More Info Demanded On Animal Health Proposals

UK - The Royal Association of British Dairy Farmers has appealed for more essential basic information in its response to government’s draft Animal Health Bill consultation.
calendar icon 20 April 2010
clock icon 2 minute read

Cost benefit details of its proposed non-departmental public body, the Animal Health Organisation (AHO), are a priority, while the association has also expressed dismay at the heavy handed way in which the proposed cost sharing is being guarded by the Treasury.

“We have attempted to make a positive response to this consultation; in the first instance we consider the AHO to be a step in the right direction for animal health policy in England, however we find it extremely difficult to accept the draft legislation without knowing what the cost benefits will be,” says RABDF chairman, David Cotton.

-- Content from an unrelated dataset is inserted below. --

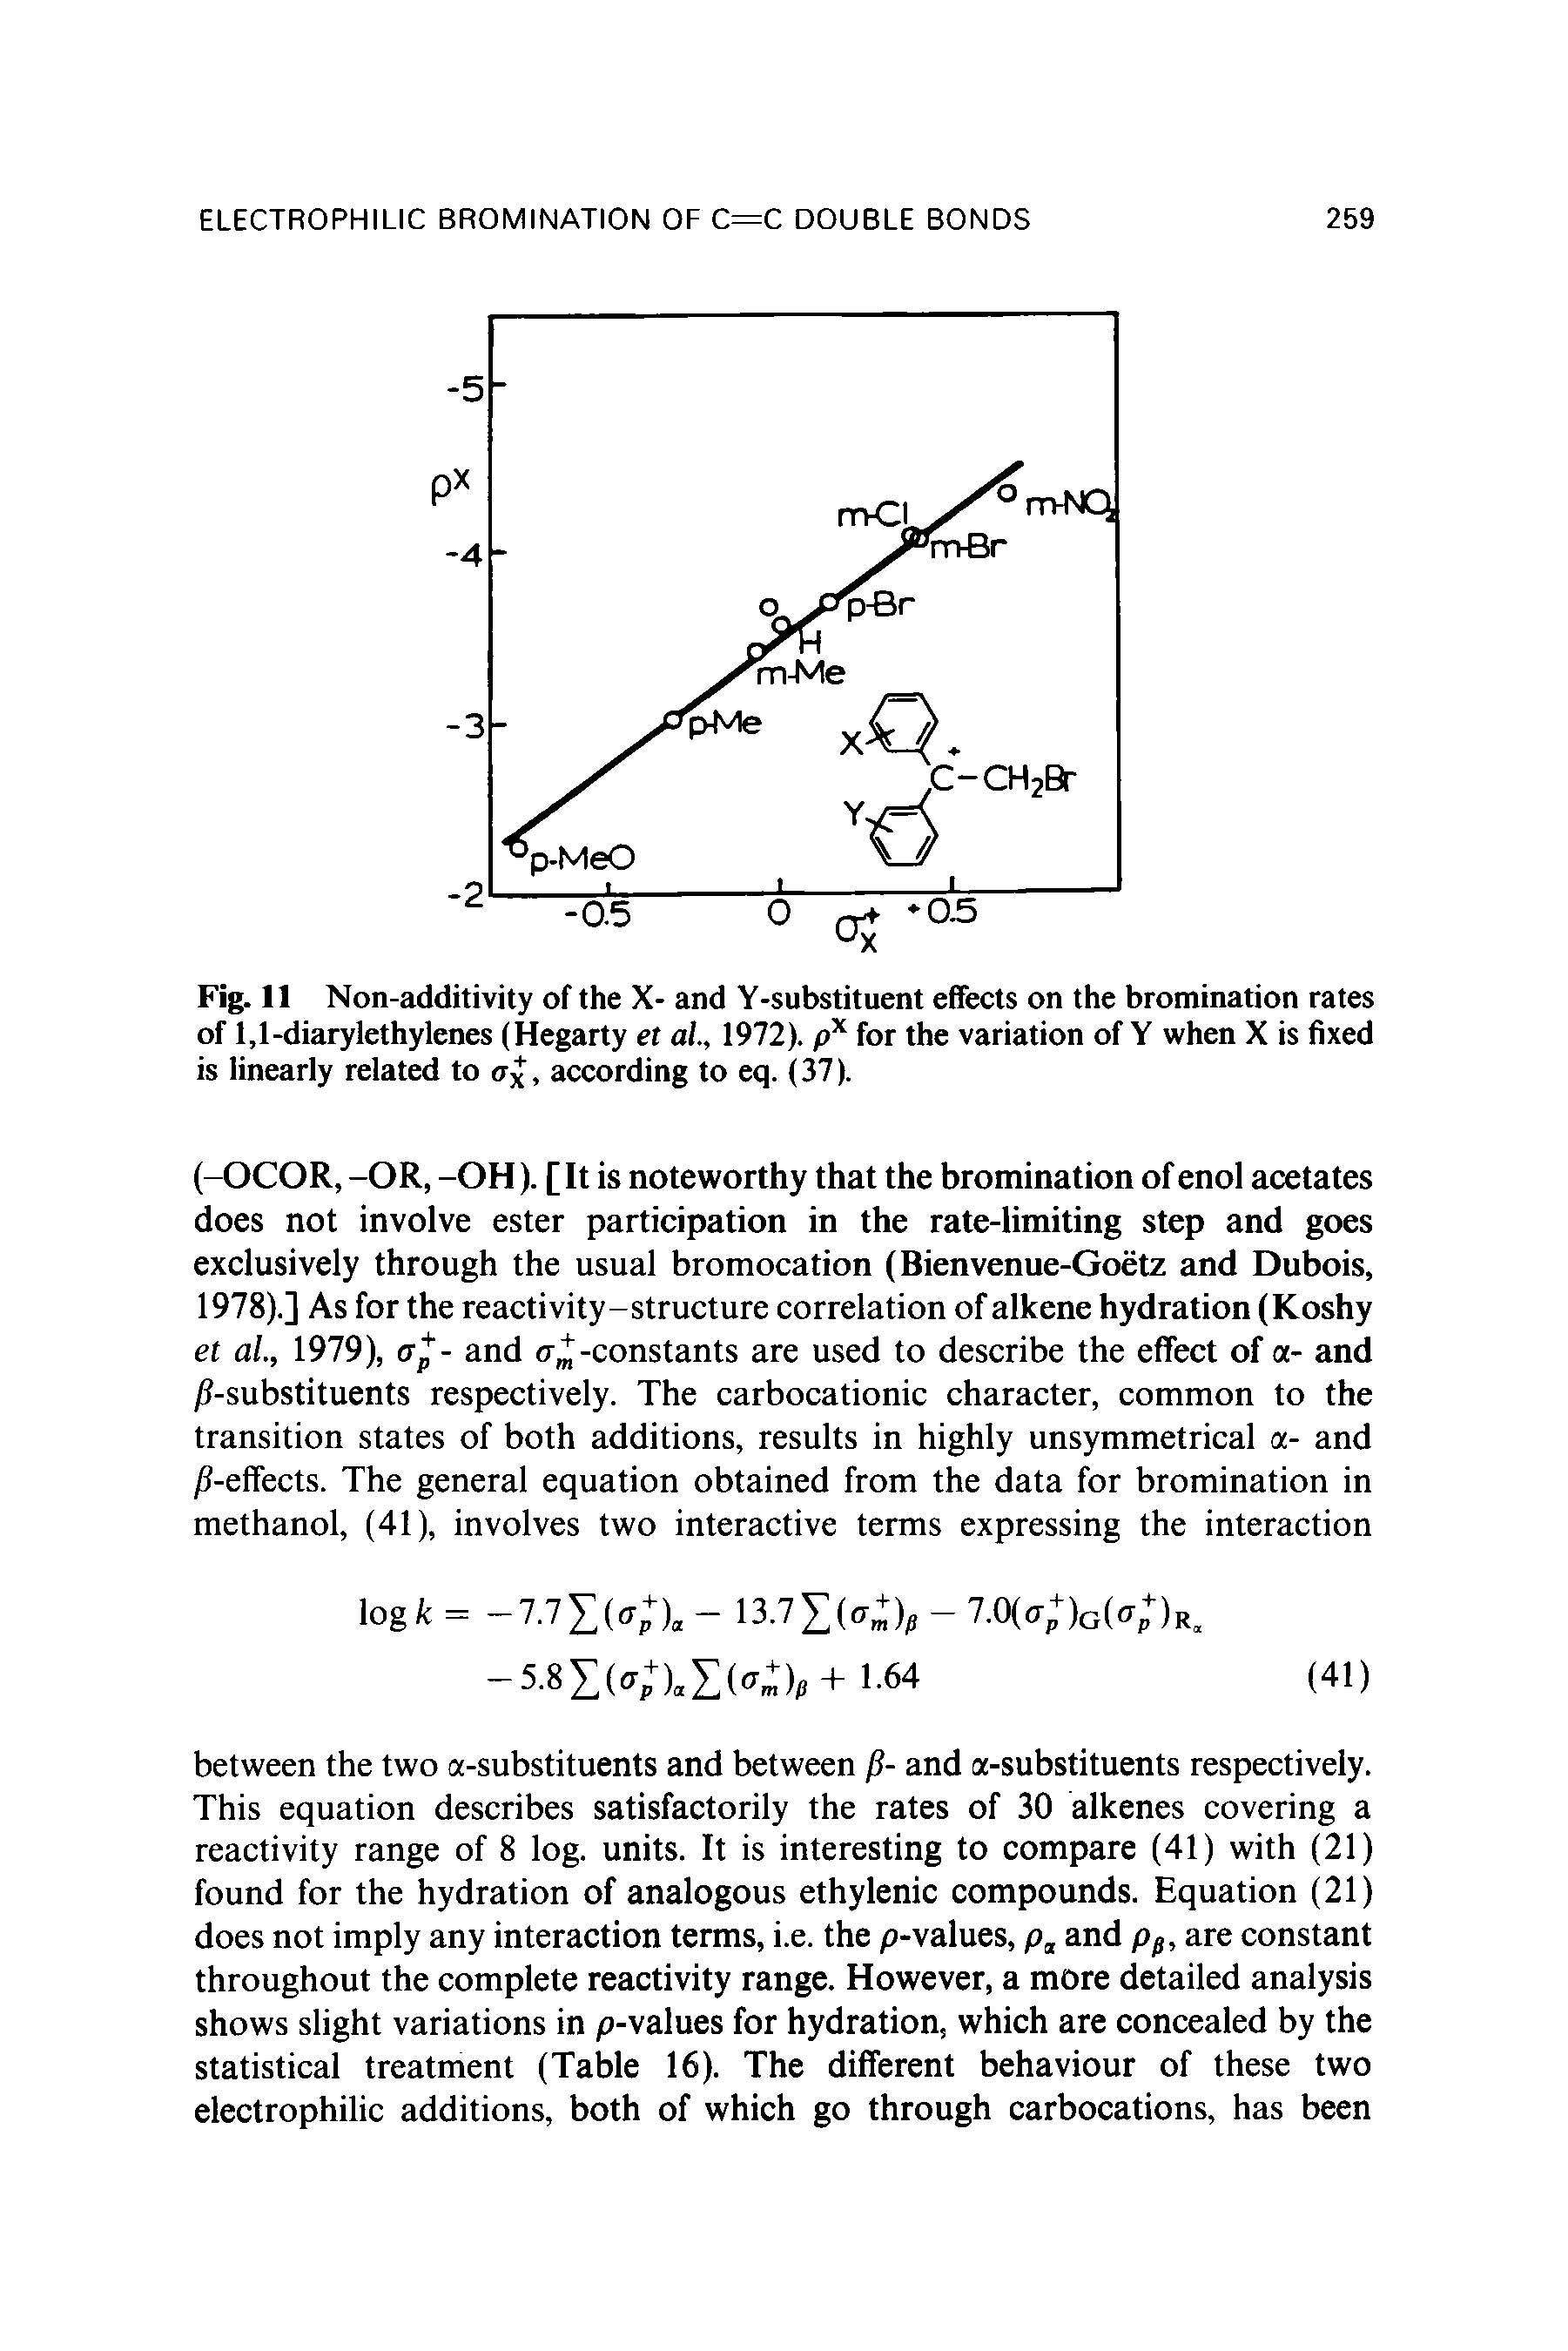 Fig. 11 Non-additivity of the X- and Y-substituent effects on the bromination rates of 1,1-diarylethylenes (Hegarty et al., 1972). px for the variation of Y when X is fixed is linearly related to <7, according to eq. (37).
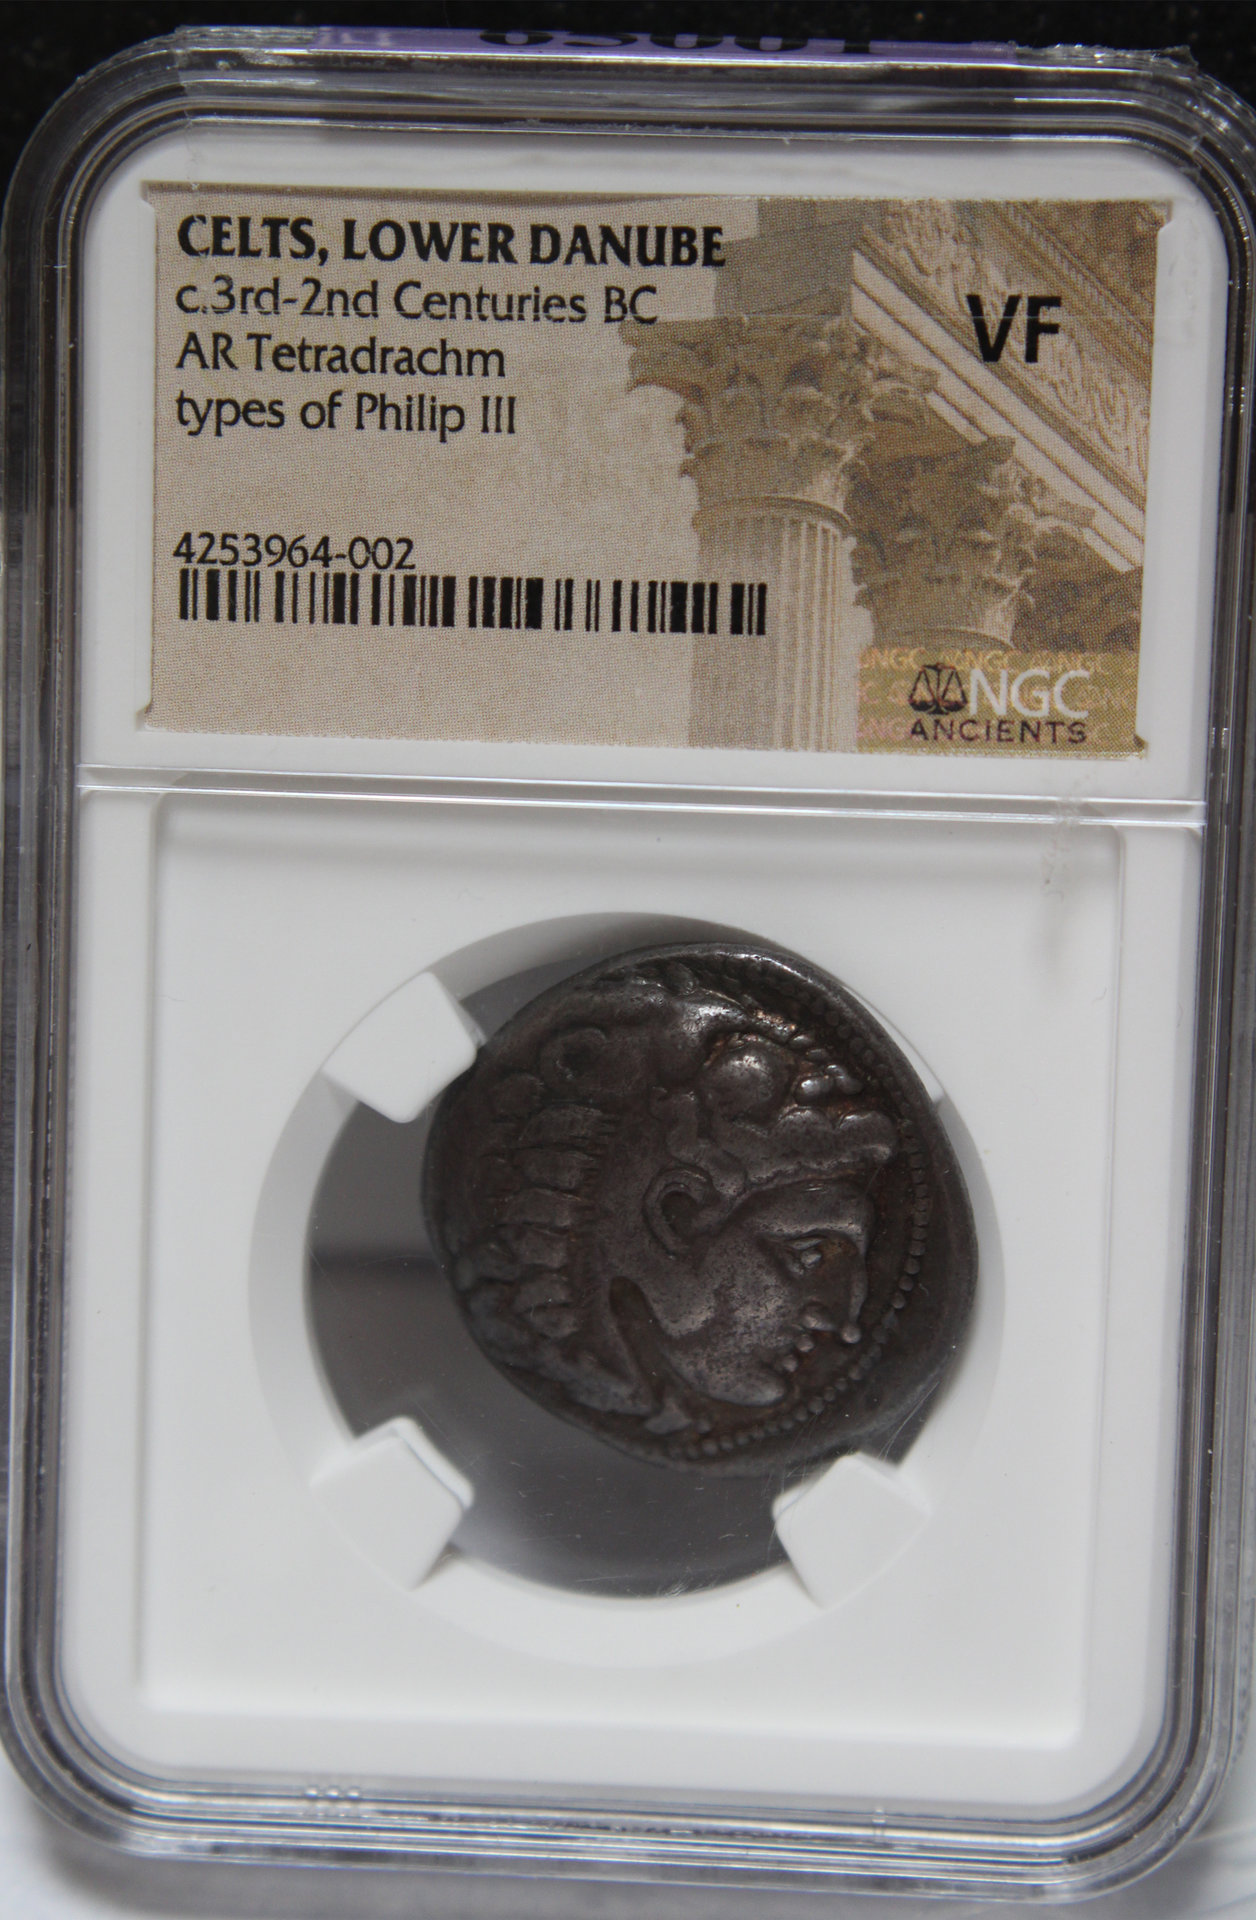 D-Camera NGC, Coin out of holding prongs,  6-10-20.jpg

“We have been provided with little analysis on how creating a new body will benefit either government or industry and until such time we simply cannot fully support the measures.

“We have already supported the principles of responsibility and cost sharing and continue to believe that they can have the potential to deliver improved animal health within the national livestock population, but unless we are shown the details of how this can be achieved without impacting on the industry’s wallet, then we would like the entire policy making process to be slowed down.”

RABDF has also expressed concern that the government’s responsibility and cost sharing agenda is being rushed through, and that the Treasury is the main influencing force.

“We get the impression that heavy handed tactics have been used by the Treasury to offload some governmental costs to the industry, costs such as the continuing burden of TB which is not the industry’s fault. Therefore we would like to see some more explanatory details from this office at the earliest opportunity.

“To prevent the industry losing any more confidence in Defra, we need the department to be more open with farmers and industry organisations, and not push on with the agenda without providing real detail on the AHO’s benefits,” he says, adding: “We believe this would also help the Responsibility and Cost Sharing Group chaired by Rosemary Radcliffe to provide clear recommendations to the Secretary of State on the benefits of such a body and ensure we have real partnership working.”